Звезда моя, вечерница - [3]
Они ехали едва ли не час, мальчик вёл разговор ненавязчиво, нет, вполне непринуждённо, раза два заставил даже рассмеяться (она как со стороны услышала свой смех — грудной немного, чуть не зазывный, с чего бы это, девоньки?!); и на своей остановке, в Лоховке, слез с явной неохотой — родители, дескать, ждут тоже, — и обещал наведаться, в клубе-то она будет вечером? Нет-нет, какой клуб, сказала она, назавтра в город ей с утра, назад, работа же. Ну, тогда в городе, на днях как-нибудь, через Зину? Она пожала плечами; ей и неловко было, слышат же люди, и прямым отказом обижать не хотелось, вот уж ни к чему встречи эти… Зинке сказать, не забыть, чтоб не вздумала телефон её рабочий дать, проболтать ненароком. И постаралась с благодарностью улыбнуться ему, от выхода оглянувшемуся, выручил же.
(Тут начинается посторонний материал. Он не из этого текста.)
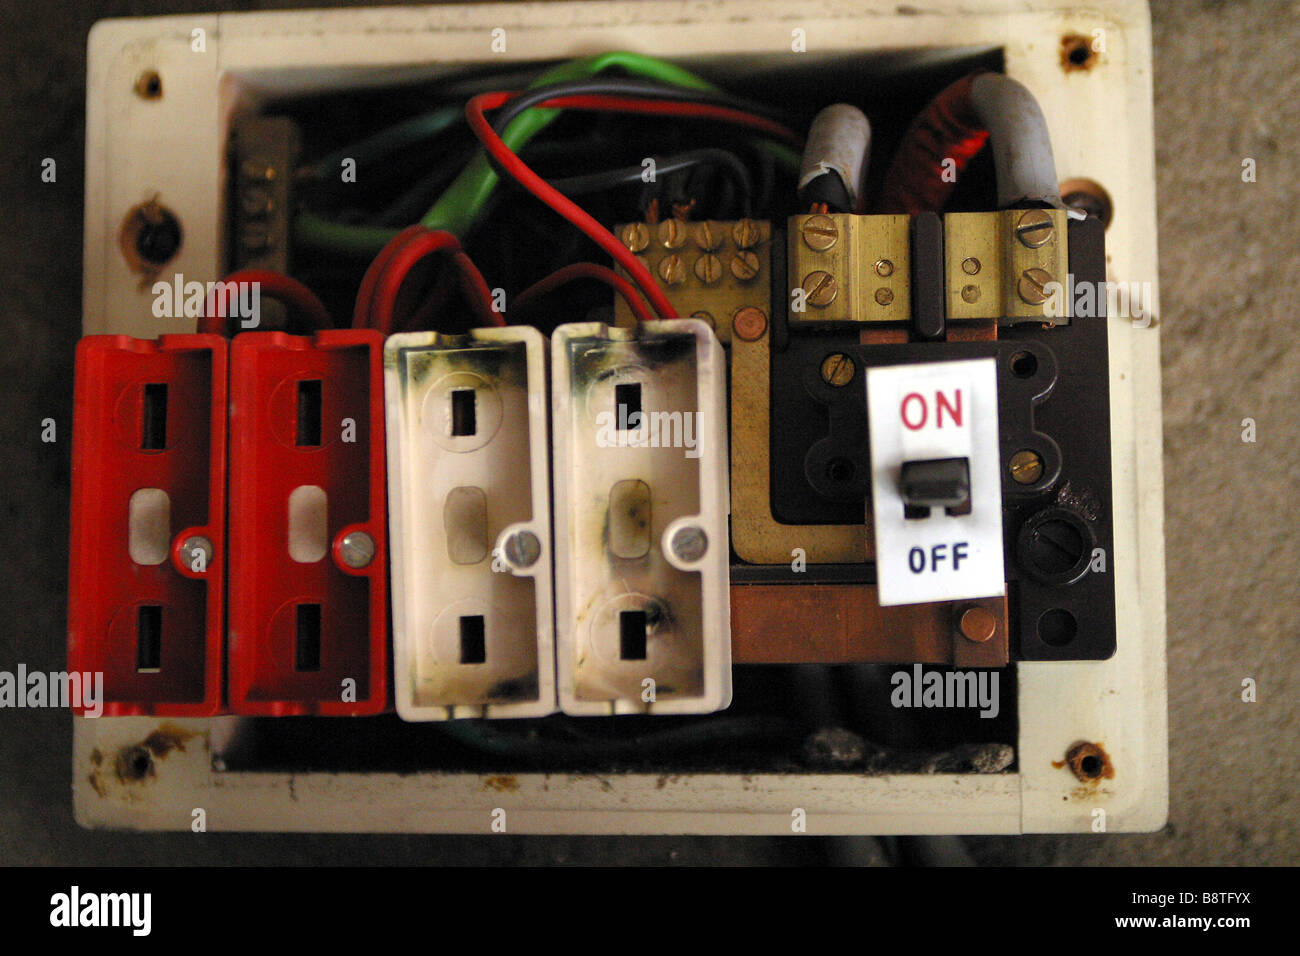 Switch Wiring Uk Free Download Wiring Diagrams Pictures Wiring

А этот не сказать чтобы худой, но какой-то плоский телом и прямой, это из-за плечей, не узкие. И припылённый весь будто, его бы отмыть, приодеть. Отчего-то она сразу не то что равнодушно эту мысль приняла — взволновалась ею прямо… ох и дуры мы, без тебя, наверное, есть кому отмыть-одеть, не парень уж — мужчина, погляди получше. Семеро по лавкам, гляди… ну, не семеро — девочка одна, две ли, у таких девки всегда, не оторвёшь. Такого не оторвёшь. Через плечо сумка, к родне, может, какой едет в Непалимовку к нам или по делу — к кому бы?..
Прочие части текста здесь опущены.